## What is needed
Set down exactly, from the records below, the line with "Detalle de las" through the line with "Full frame of red velvet paper", and nothing else.

## Supplied material

___

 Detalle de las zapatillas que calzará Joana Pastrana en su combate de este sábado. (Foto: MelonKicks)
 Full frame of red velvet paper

___

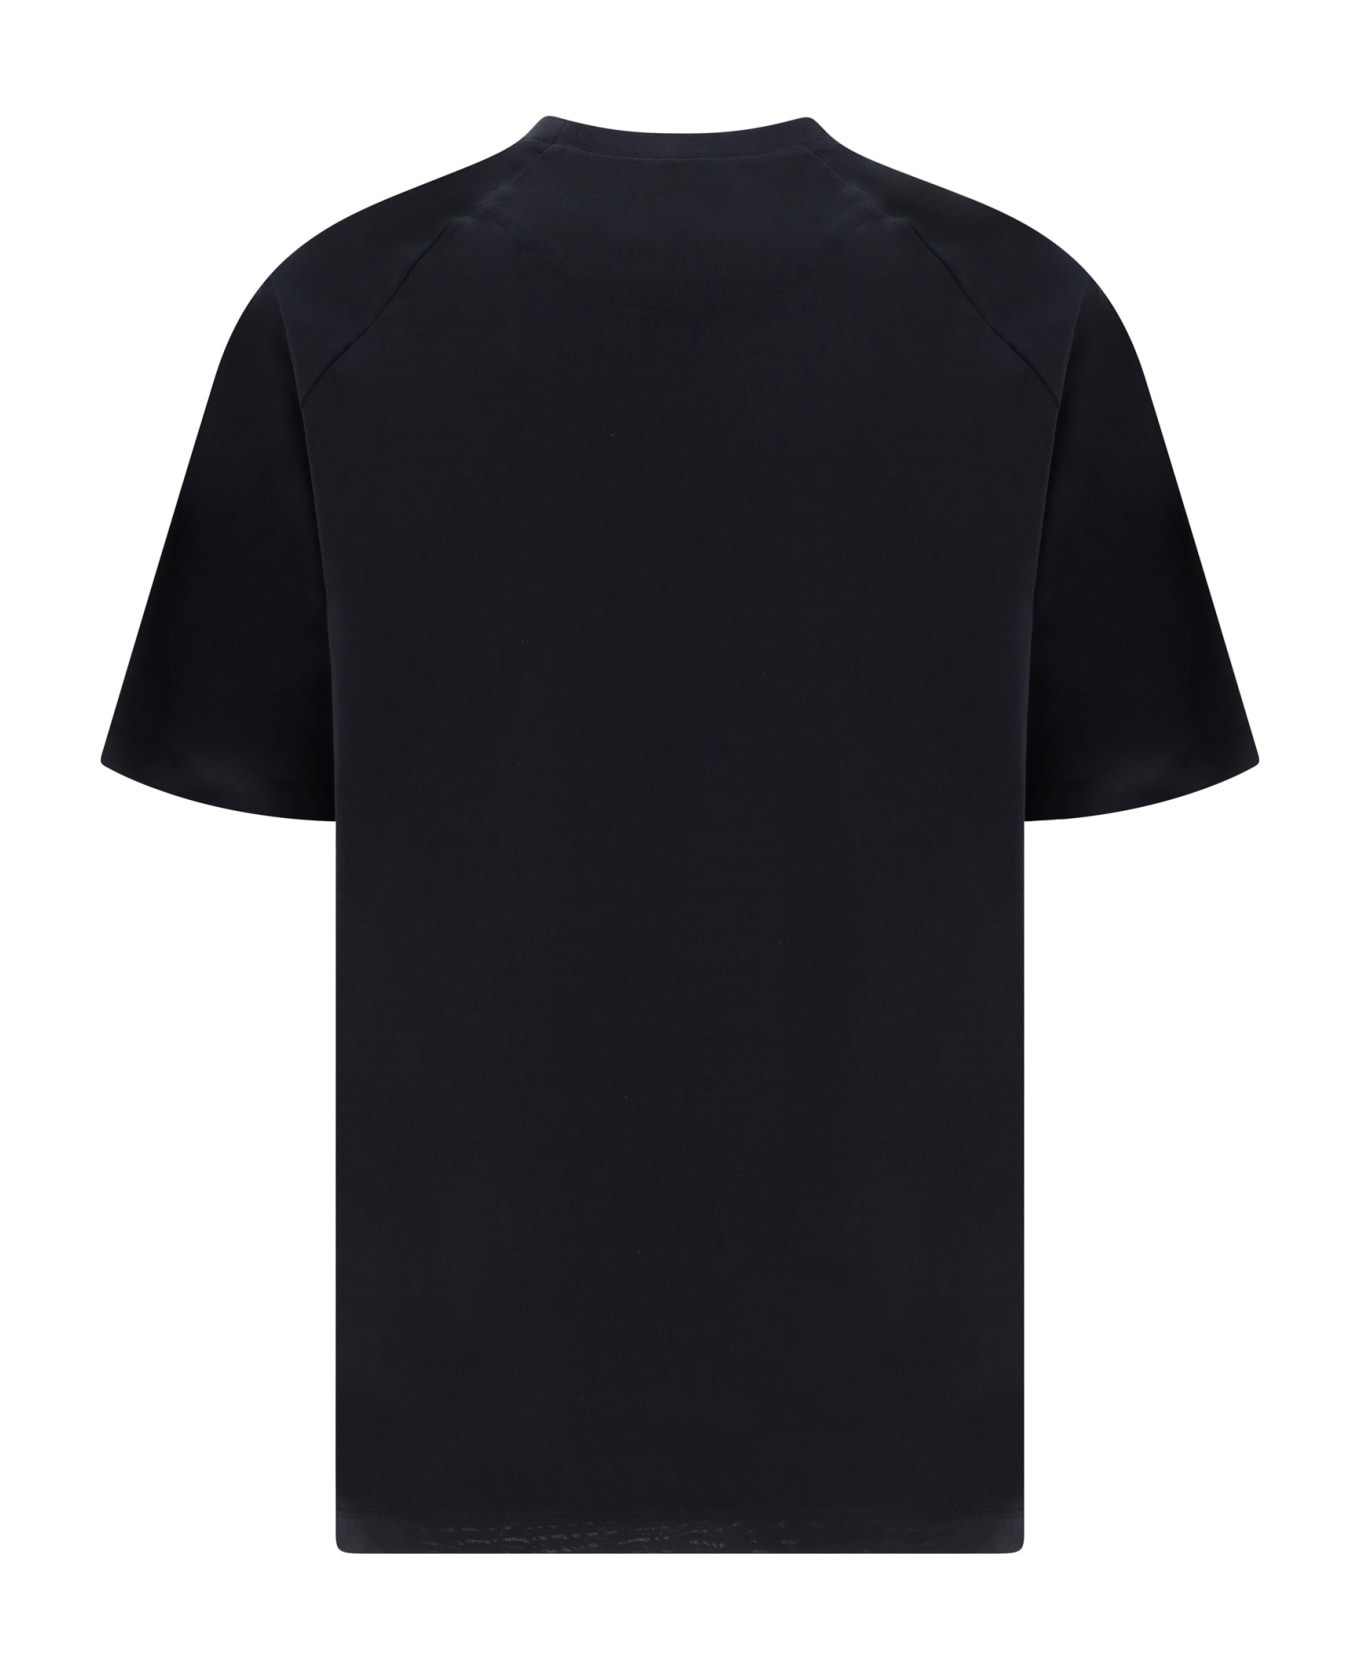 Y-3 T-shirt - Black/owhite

___

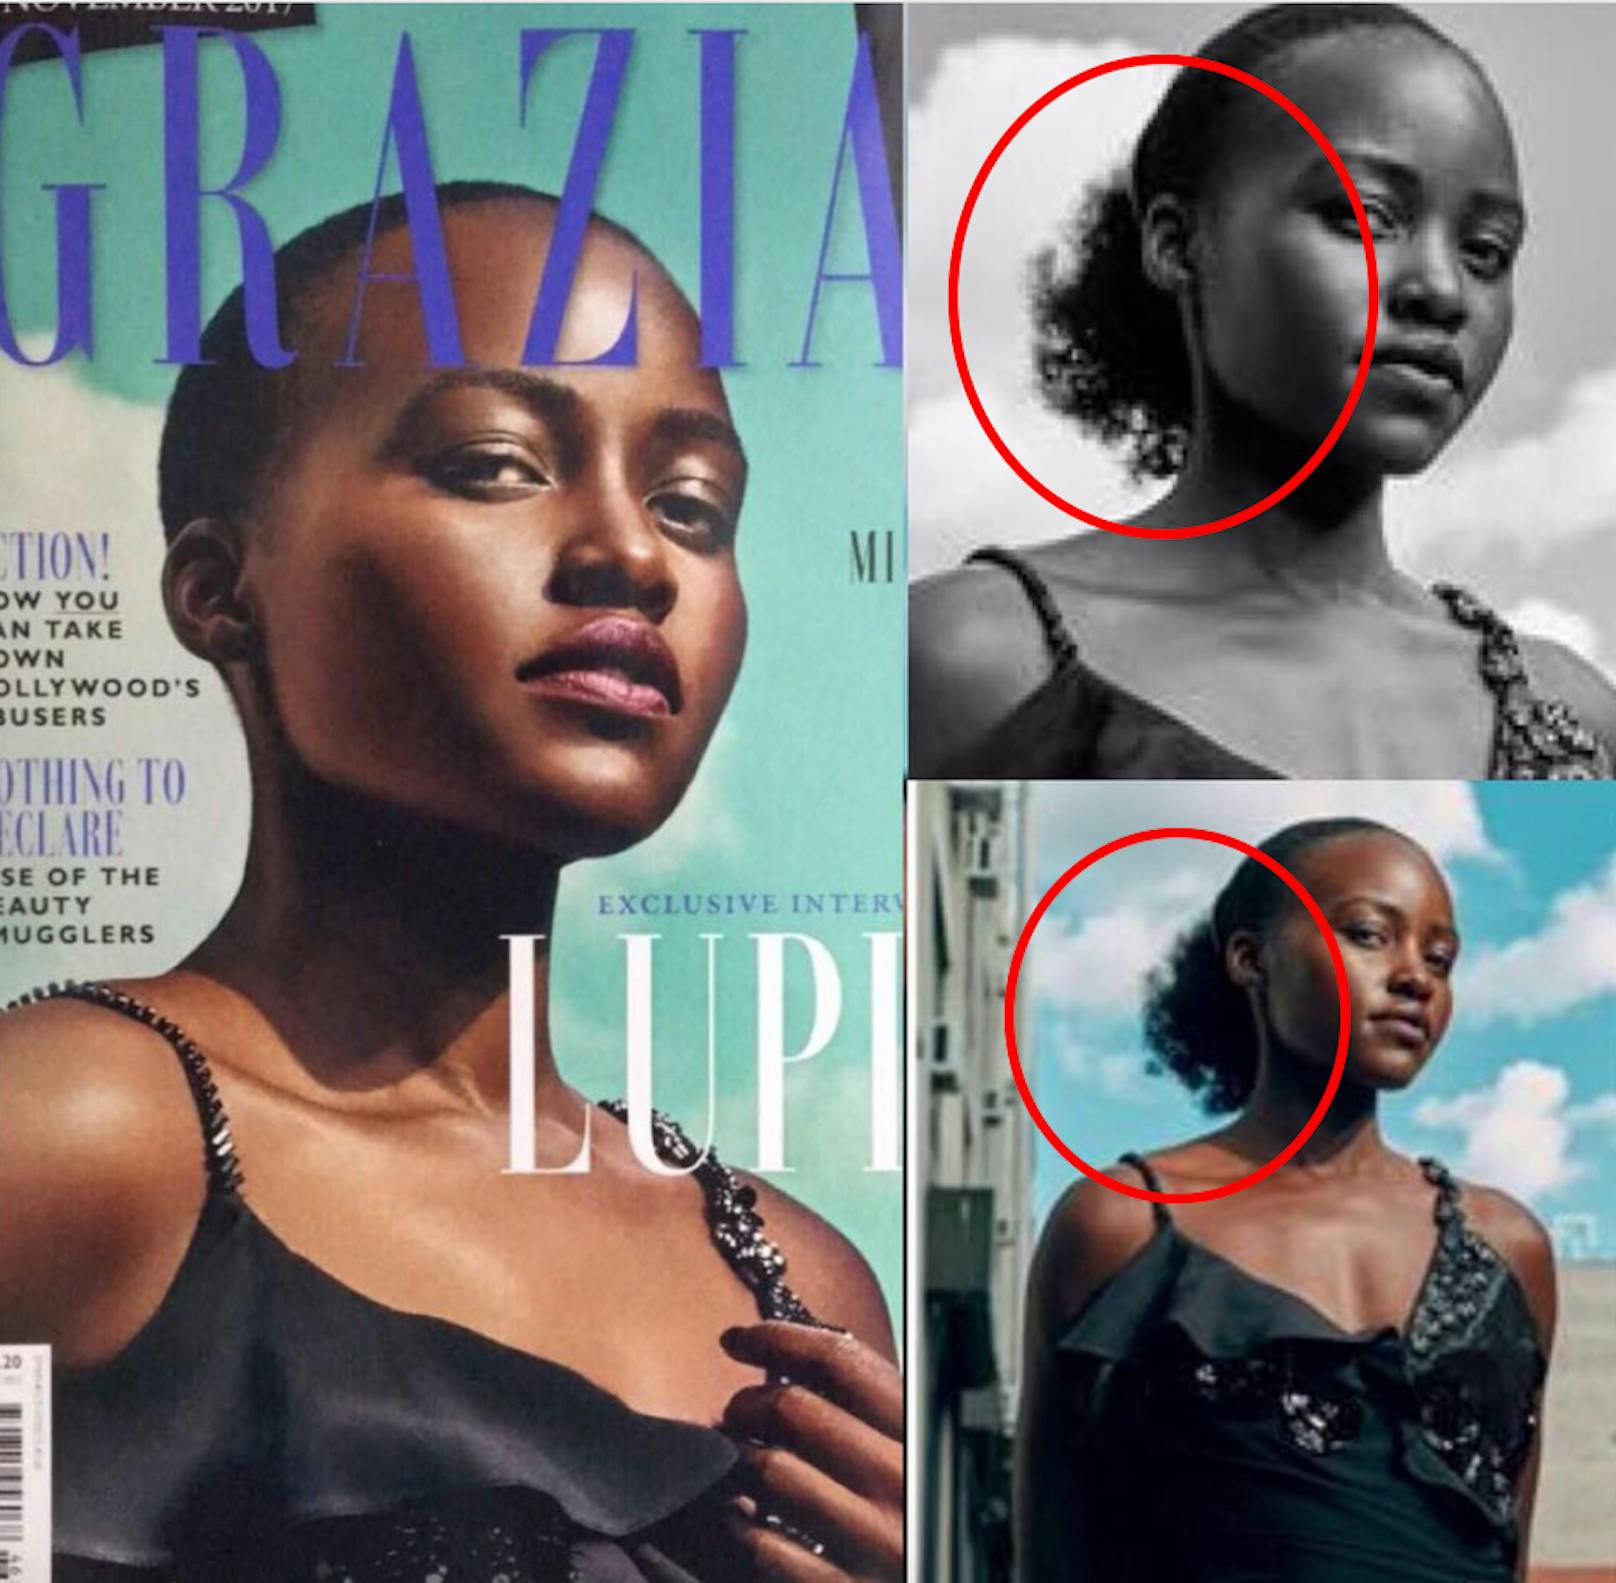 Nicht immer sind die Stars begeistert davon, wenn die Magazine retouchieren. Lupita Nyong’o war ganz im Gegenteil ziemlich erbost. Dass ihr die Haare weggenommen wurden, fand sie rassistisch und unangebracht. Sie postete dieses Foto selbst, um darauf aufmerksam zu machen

___

## Written response
 Detalle de las zapatillas que calzará Joana Pastrana en su combate de este sábado. (Foto: MelonKicks)
 Full frame of red velvet paper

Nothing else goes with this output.